My new friend Lisa, the girl who once saved her ex-boyfriend's sack, not that anyone noticed, is a singer/songwriter who is also a private music teacher to lucky children between the ages of 5 and 17. I say lucky because they get to choose their course of musical study. Standard, outmoded curriculum hasn't chosen it for them. They learn how to sing and play an instrument at the same time, something I wish I could do. I'm still working on rubbing the belly and tapping the head to 2/4 time. As they progress, they learn to create their own compositions. Lisa encourages them to craft music around pieces they create in creative writing classes. Things that matter. A couple of weeks ago, I got to hear some original pieces at their end of year recital. Fervent codas reiterated why that guy didn't look her way, or who to cast blame for Mom's cancer. At the most awkward time of their lives, these kids performed with deft ease in intimacy and confidence. That's the greatest tool Lisa teaches. I secretly promised to seek her out as a future guide to my unborn child. How different a child could turn out if only she was given the freedom to realise her faculties. I didn't have private tutoring. I did, most gratefully, perform music throughout my youth, though. I was lucky enough, fuck that, I was one of the last students who took advantage of her educational right to study music. A right that has been ripped away from the poor kids today. The one thing that gave me a modicum of self-confidence. It's probably the one explanation of why I feel more comfortable walking across the stage of a packed theatre than singularly meandering down a fluorescent lit, antiseptic corridor to anywhere.

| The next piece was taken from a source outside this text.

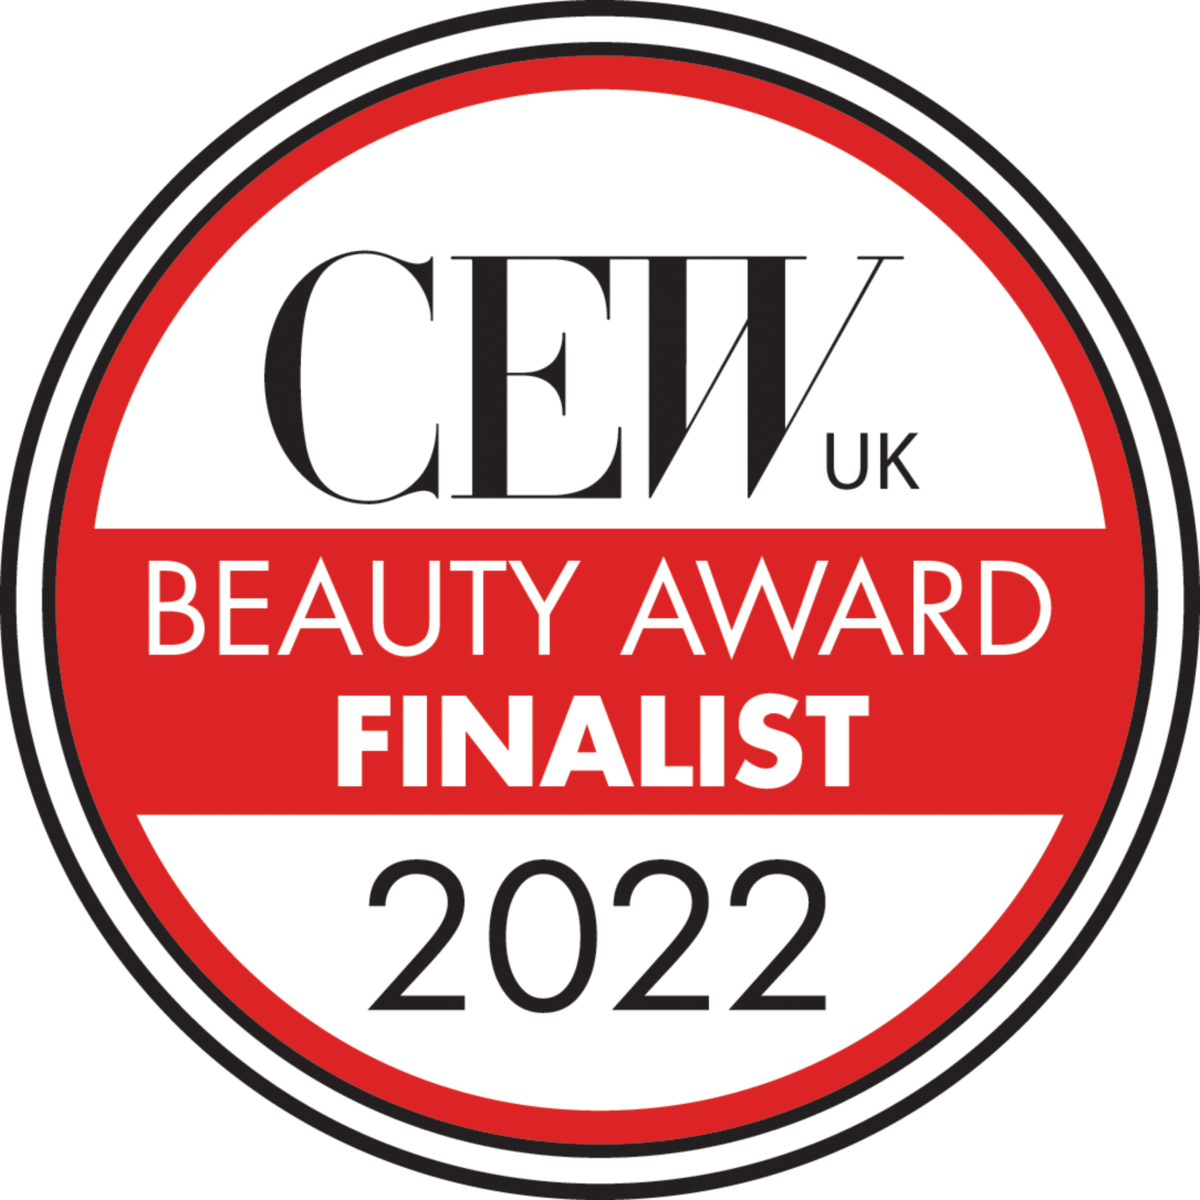 CEW UK, Beauty award finalist 2022
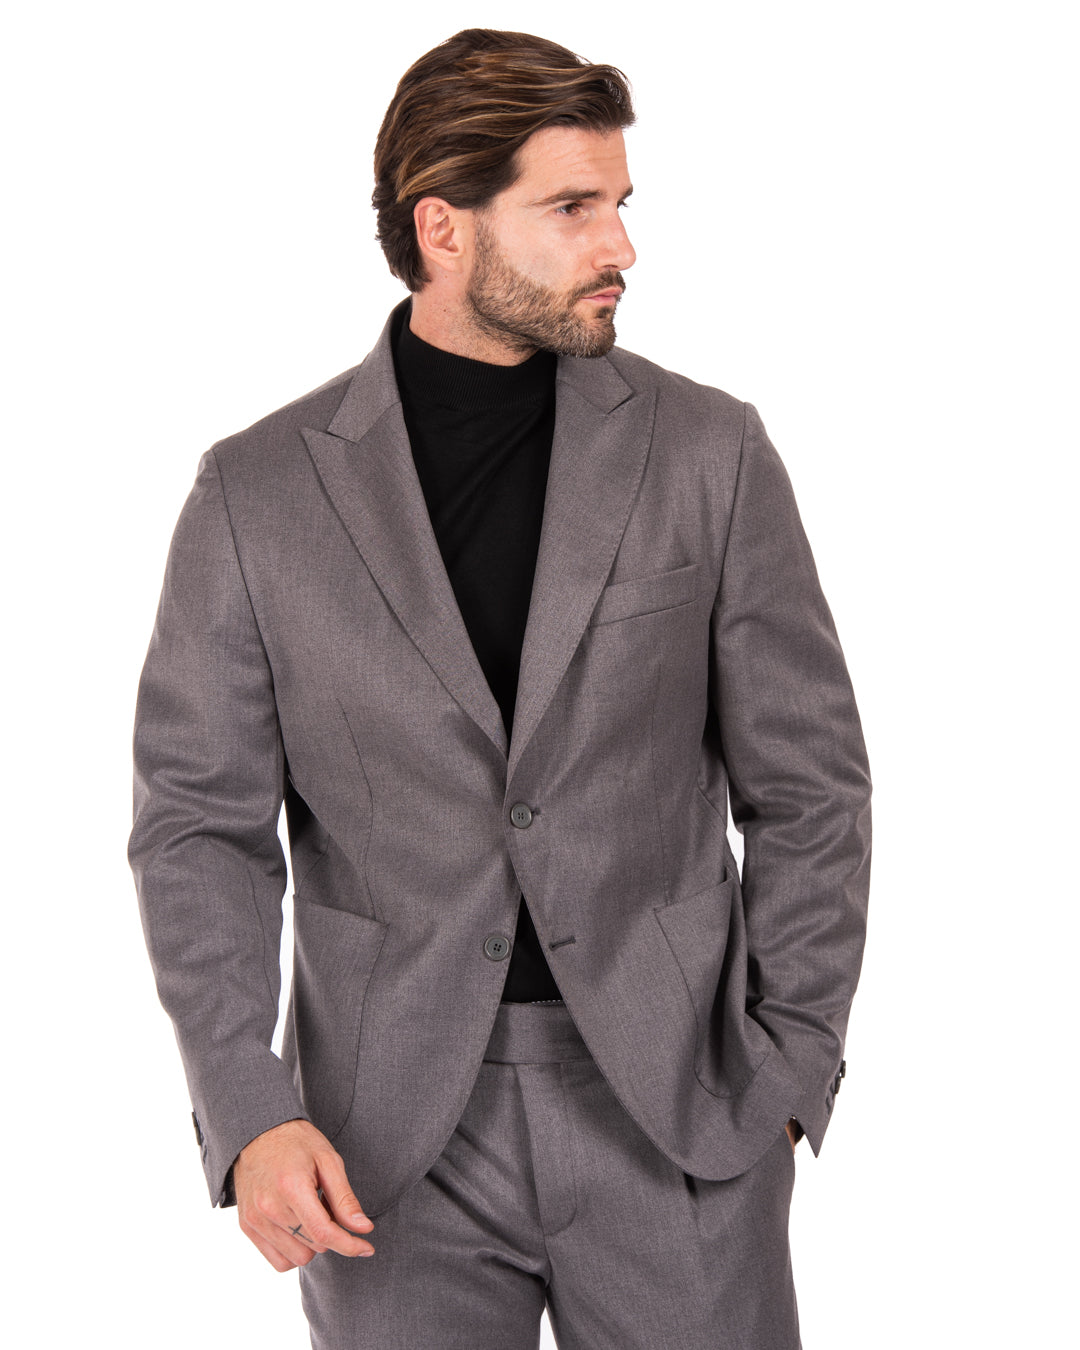 Bond - veste grise double couture

It wasn't until I started writing that I paid attention to lyrics. Words didn't penetrate until at least the 5th rotation. Anyway, music was the salve I sought, not cheap words. Music was the thing that jettisoned or plummeted me. Lyrics were heard more like another layer of sound rather than anything with meaning

and I ran, I ran so far away...
I couldn't get away


... maybe.

This is my new favourite song by my new favourite band.

I am a waterfall waiting inside a well.
I am that wrecking ball before the building fell.

I have not been using my powers for good.

Someone just whispered that tomorrow is another day.